Different Pain Treatment Options
Physical therapy (P.T.) is one of the essential needs of everyone with pain in order to develop a daily exercise program. Further therapy can maximize overall capability and improve the ability to function. The goals of therapy are three-fold. To work on overall strengthening and core muscles, aerobic conditioning, and stretching. Muscle strength allows one to be able to hold up the body and perform activities. Core muscles give the spine the ability to be upright, and most of us do not have good strength in these groups,and with a strong core, spine pain is much better controlled. Pain is often caused by tight muscles, so stretching keeps the muscles at the right length and decreases spasms. All three activities are necessary. It is like a three legged stool; Without doing one of the three, the stool tips over. You need all three bases to be stable.

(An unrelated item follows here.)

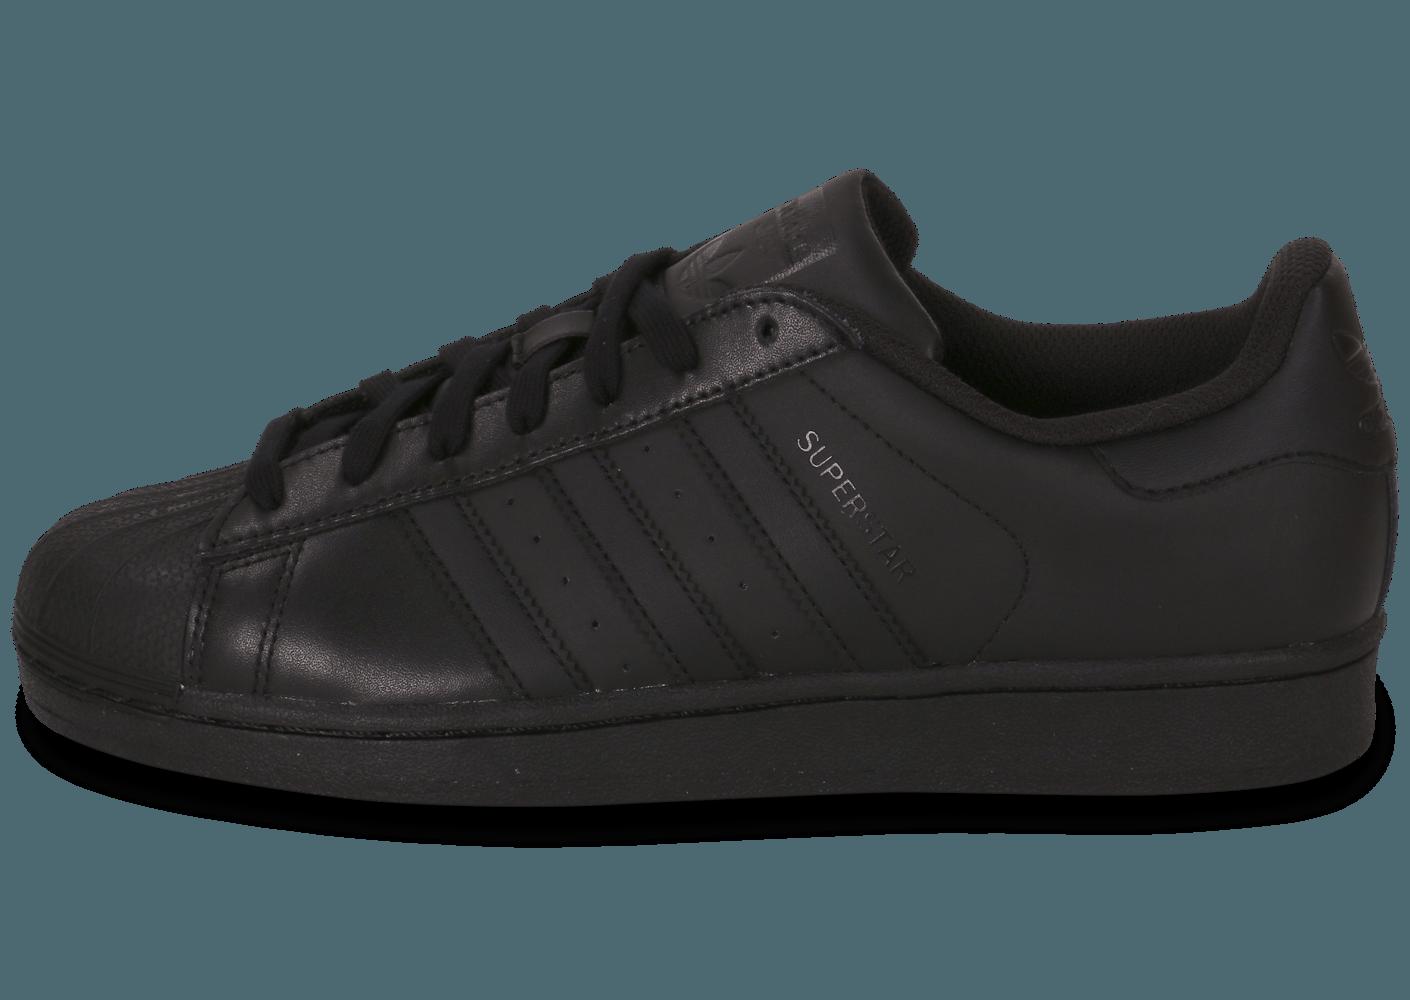 meilleure sélection db628 d8dc2 adidas superstar femme noir
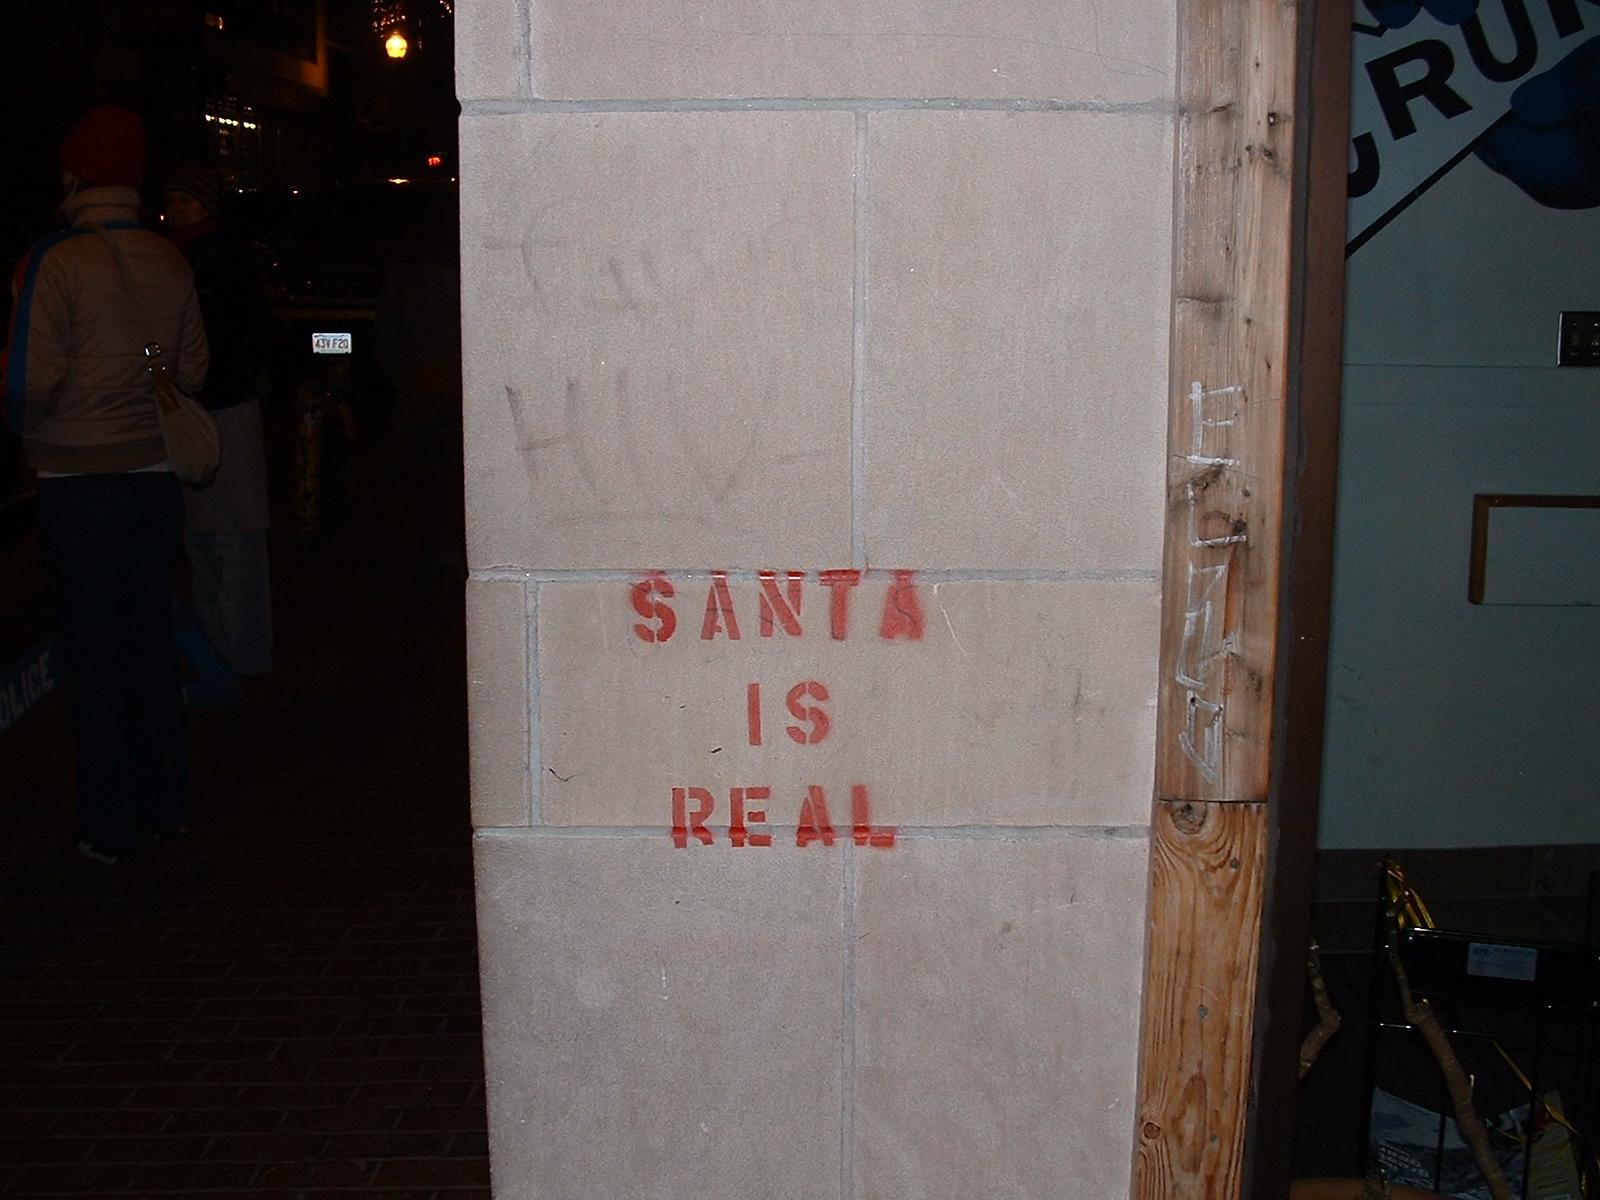 santa is real.

The next method is a behavioral health intervention, and the goal is to train the brain to help control the interpretation of sensory signals. The brain has incredible power to manage all the signals it receives. Pain sensations are specific sensory signals, and the interpretation of the signals can be consciously modified. Normally the brain would just read these sensory signals as painful. If the brain is receiving many painful sensory signals, a short circuit can occur and the pain can become centrally amplified and intensified. Using techniques taught by psychologists, one can learn to modify the perception of the pain signals and essentially ignore them. Multiple different techniques have been used successfully including progressive relaxation, self-hypnosis, mindfulness, cognitive behavioral therapy and distraction. Again, to be successful with any of these therapies, one has to be interested and willing to put in the time and effort to make the techniques work.
Acute and chronic pain can be very successfully treated and managed with a variety of techniques. Opioid medications in reality are only a very small tool to control these symptoms. Controlling the opioid misuse requires patients to move beyond the want for a simple solution that takes no work. Chronic pain is not well treated with opioids for the long-term. It takes time and effort to control chronic pain, if one does not put in the work, there likely will not be a good solution.